Netflix + (Hadoop & Hive ) = Your Favorite Movie

I love watching movies and I am a huge fan of Netflix , I love the way Netflix suggests new movies based on my previous watching history and ratings. Netflix established in 1997 and headquartered in Los Gatos, California, Netflix (NASDAQ: NFLX) is a service offering online flat rate DVD and Blu-ray disc rental-by-mail and video streaming in the United States.It has a collection of 100,000 titles and more than10 million subscribers. The company has more than 55 million discs and, on average, ships 1.9 million DVDs to customers each day. On April 2, 2009, the company announced that it had mailed its two billionth DVD Netflix offers Internet video streaming, enabling the viewing of films directly on a PC or TV at home.

According to Comscore in the month of December 2008 Netflix streamed 127,016,000 videos which makes Netflix top 20 online video site.
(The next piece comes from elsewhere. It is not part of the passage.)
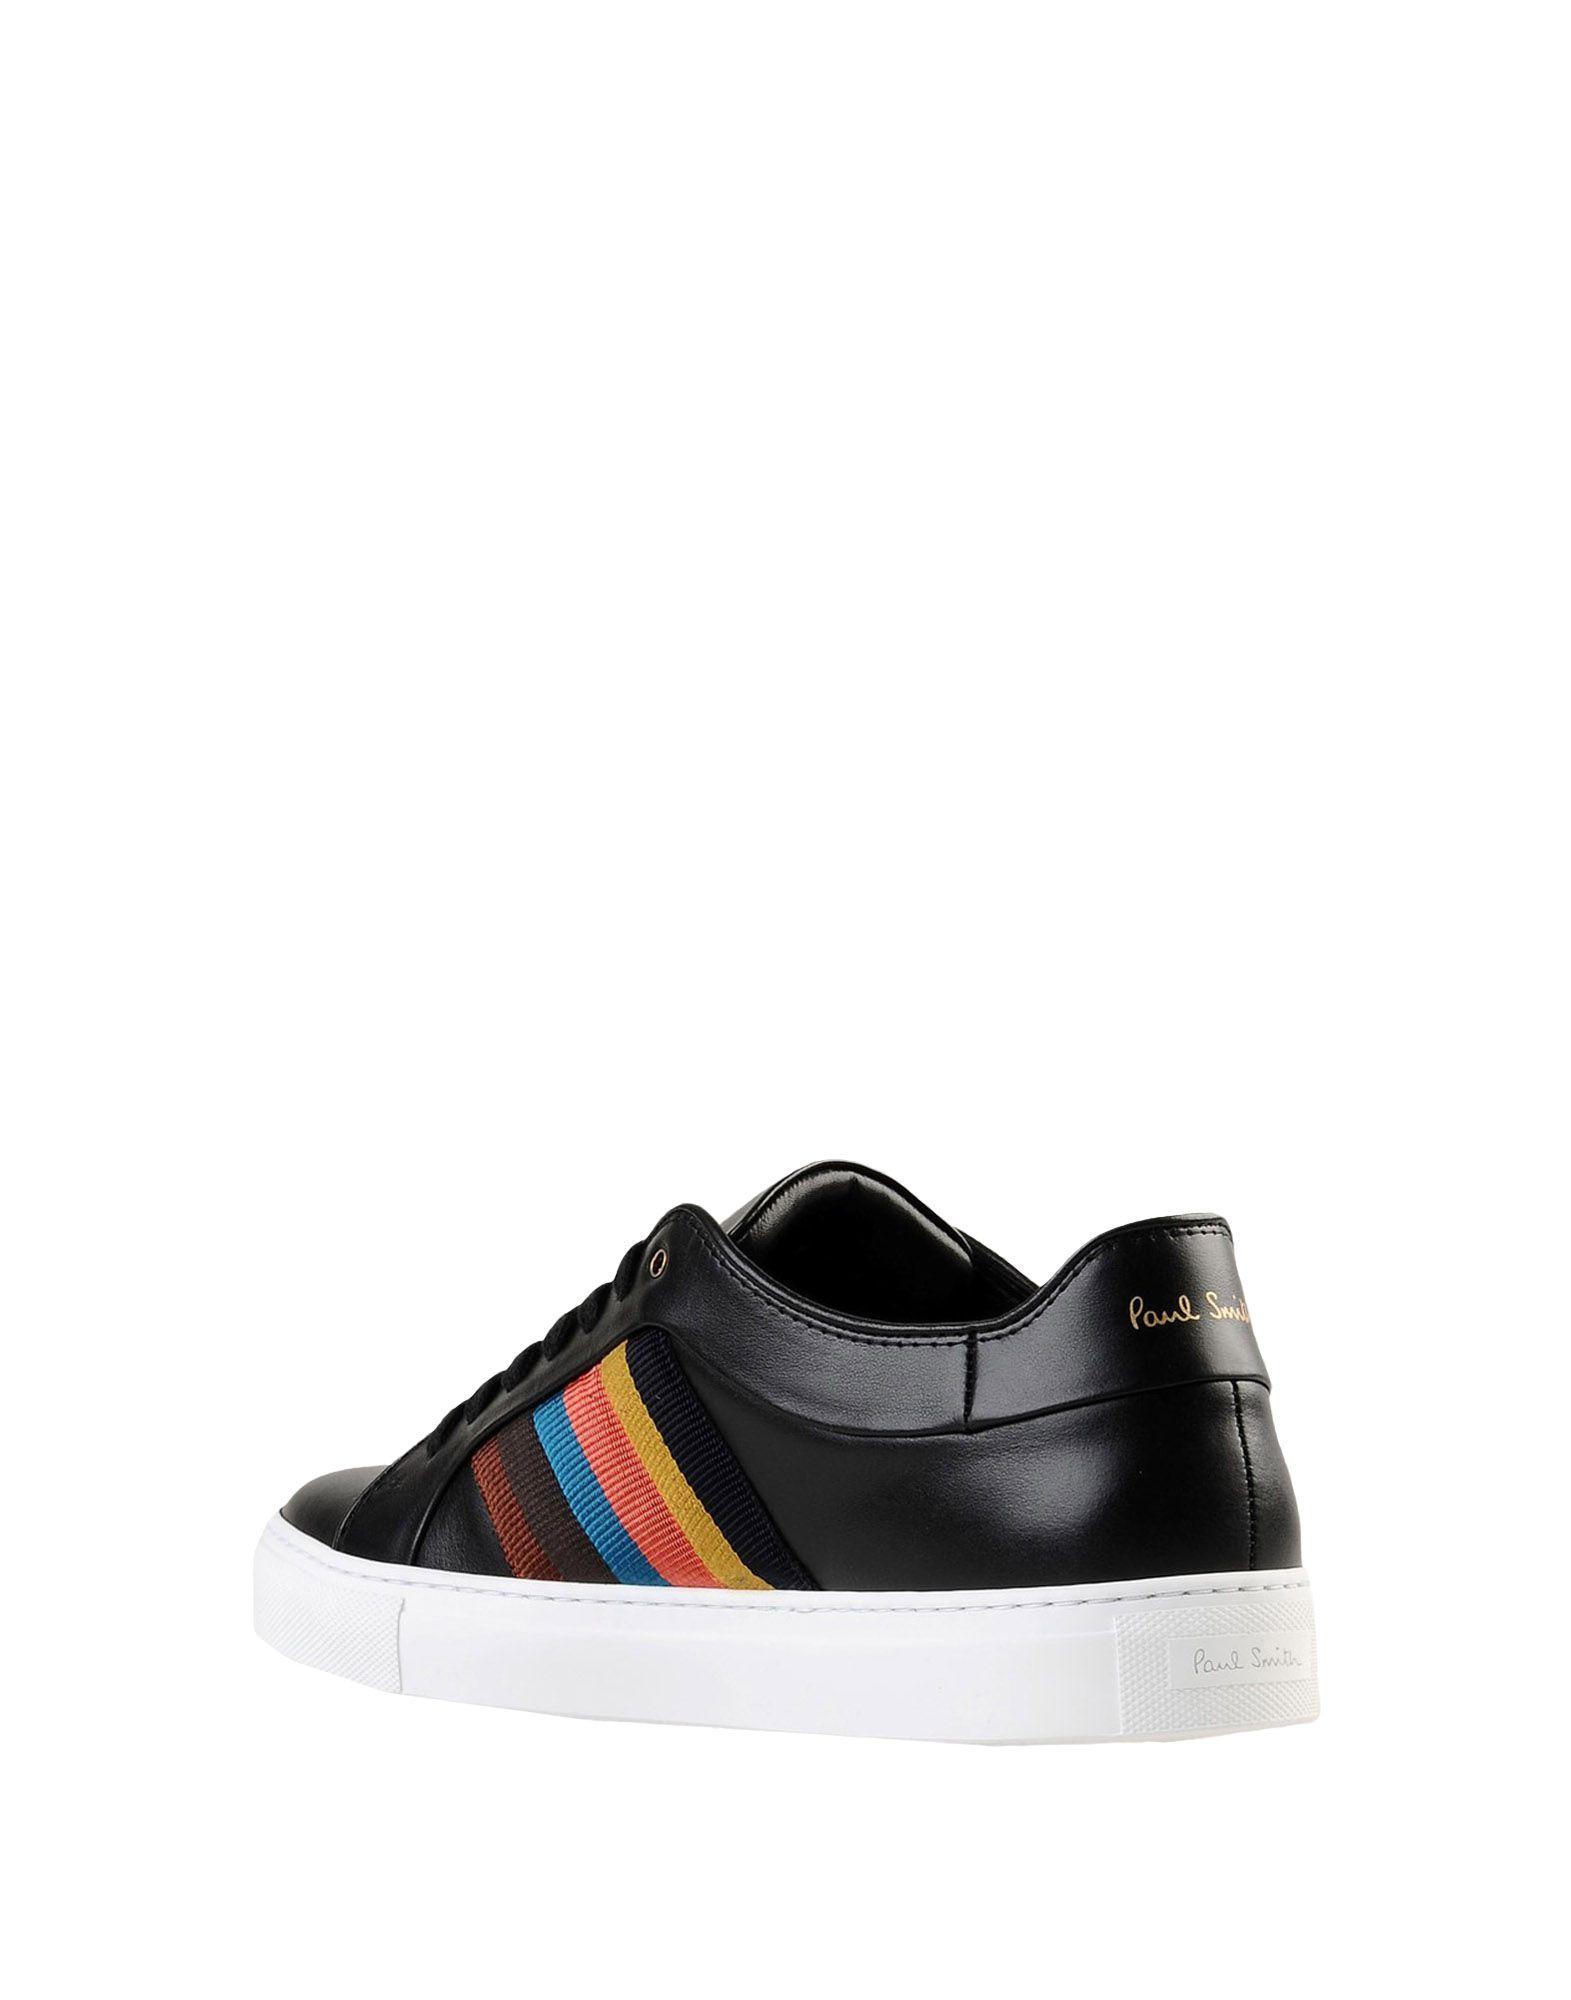 Paul Smith Sneakers Herren beliebte  11538535NC Gute Qualität beliebte Herren Schuhe e1ef2a

Netflix’s movie recommendation algorithm uses Hive ( underneath using Hadoop, HDFS & MapReduce ) for query processing and BI. Hive is used for scalable log analysis to gain business intelligence. Netflix collects all logs from website which are streaming logs collected using Chukwa (Soon to be replaced by Hunu alternative to Chukwa, Which will be open sourced very soon).

Currently Netflix is processing there streaming logs on Amazon S3.

How Much Data?

  1. Parsing 0.6 TB logs per day.
  2. Running 50 persistent nodes on Amazon EC3 cluster.

How Often?

Hadoop jobs are run every hour to parse last hour logs and reconstruct sessions. Then small files are merged from each reducer which are loaded to Hive. How Data is processed? Netflix web usage logs generated by web applications are collected by Chukwa Collector. These logs are dumped on Amazon S3 running HDFS instances. Later these logs are consumed by Hive & Hadoop running on the cloud. For NetFlix processing data on AS3 is not cheaper but it’s less risky because they can recover data.

Useful data generated using log analysis.

  1. Streaming summary data
  2. CDN performance.
  3. Number of streams per day.
  4. Number of errors / session.
  5. Test cell analysis.
  6. Ad hoc query for further analysis.
  7. And BI processing using MicroStrategy.